I'm using this library to implement a learning agent.
I have generated the training cases, but I don't know for sure what the validation and test sets are.
The teacher says:
70% should be train cases, 10% will be test cases and the rest 20% should be validation cases.
edit
I have this code for training, but I have no idea when to stop training.
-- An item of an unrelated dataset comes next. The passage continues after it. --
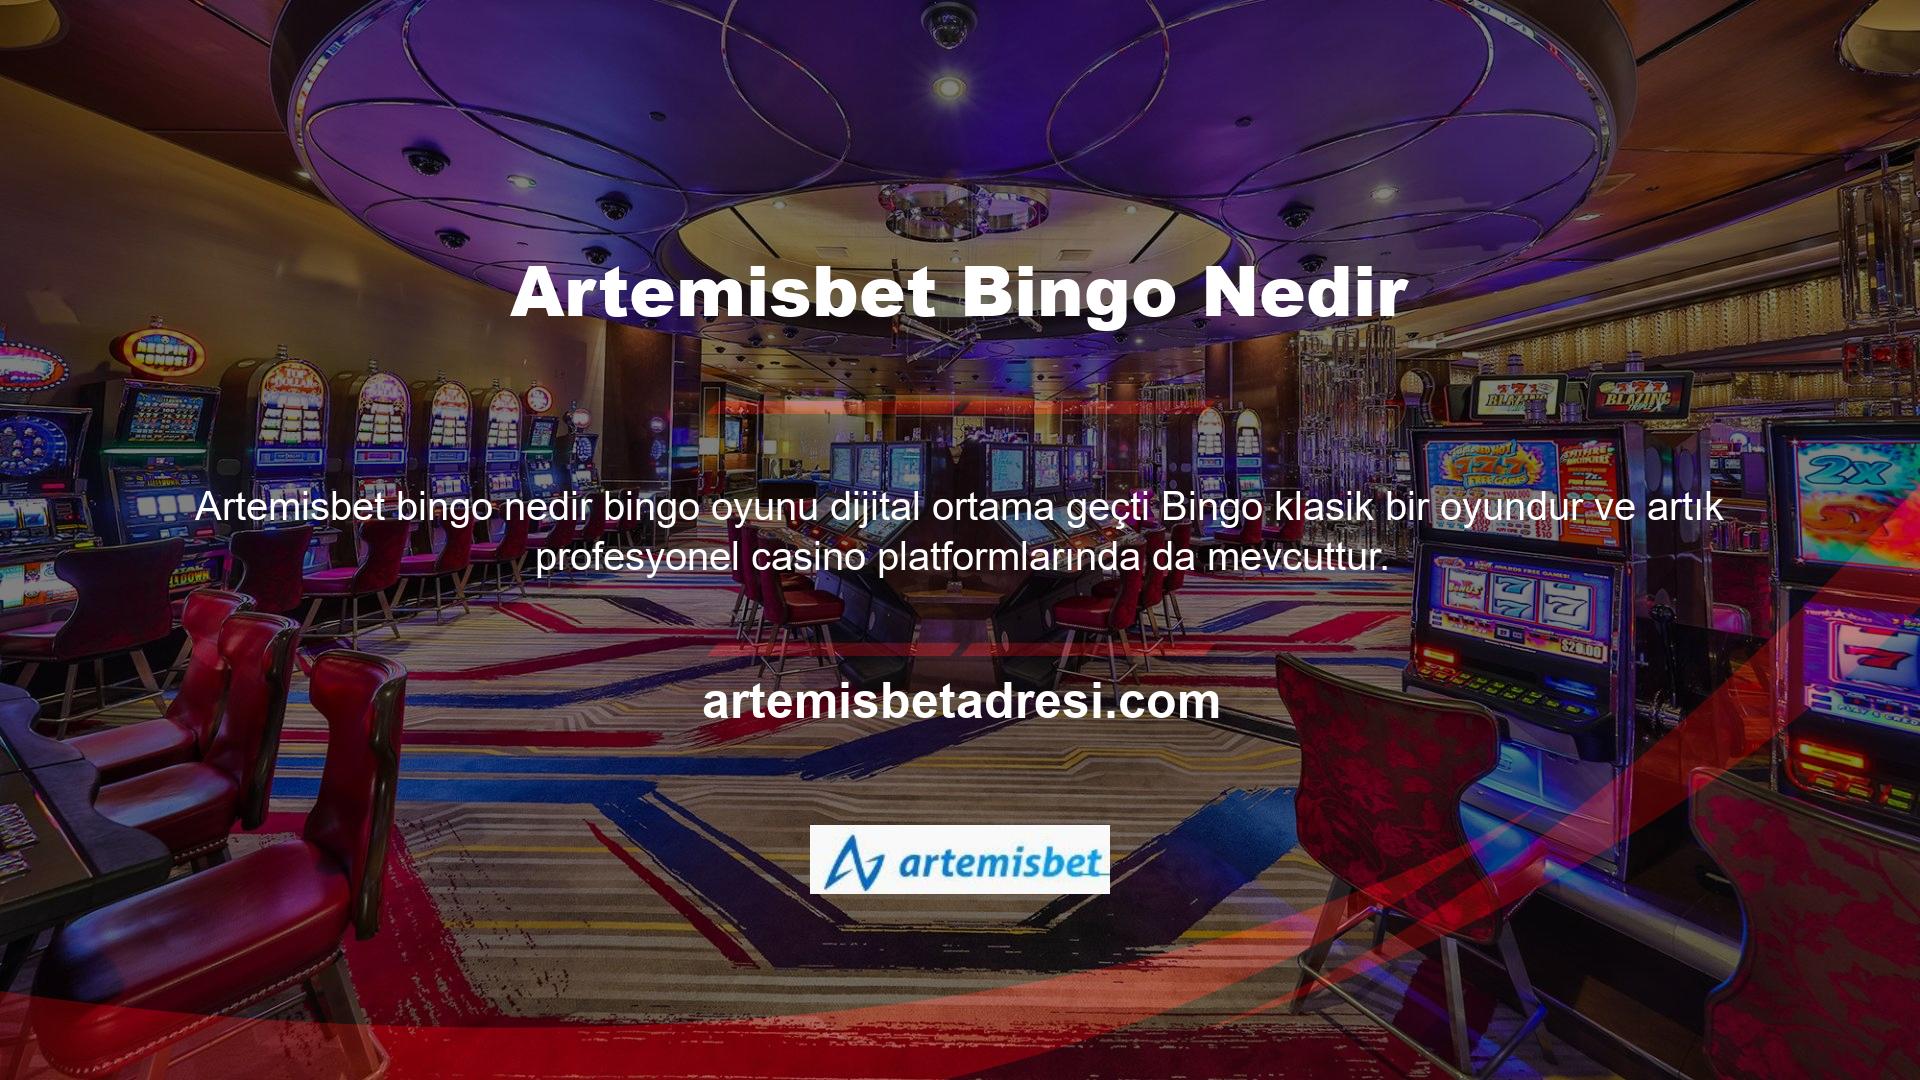 Artemisbet Bingo, size gerçek bir casino hissi veren okulun yıldızlarından biridir

def train(self, train, validation, N=0.3, M=0.1):
# N: learning rate
# M: momentum factor
accuracy = list()
while(True):
error = 0.0
for p in train:
input, target = p
self.update(input)
error = error + self.backPropagate(target, N, M)
print "validation"
total = 0
for p in validation:
input, target = p
output = self.update(input)
total += sum([abs(target - output) for target, output in zip(target, output)]) #calculates sum of absolute diference between target and output
accuracy.append(total)
print min(accuracy)
print sum(accuracy[-5:])/5
#if i % 100 == 0:
print 'error %-14f' % error
if ? < ?:
break
edit
I can get an average error of 0.2 with validation data, after maybe 20 training iterations, that should be 80%?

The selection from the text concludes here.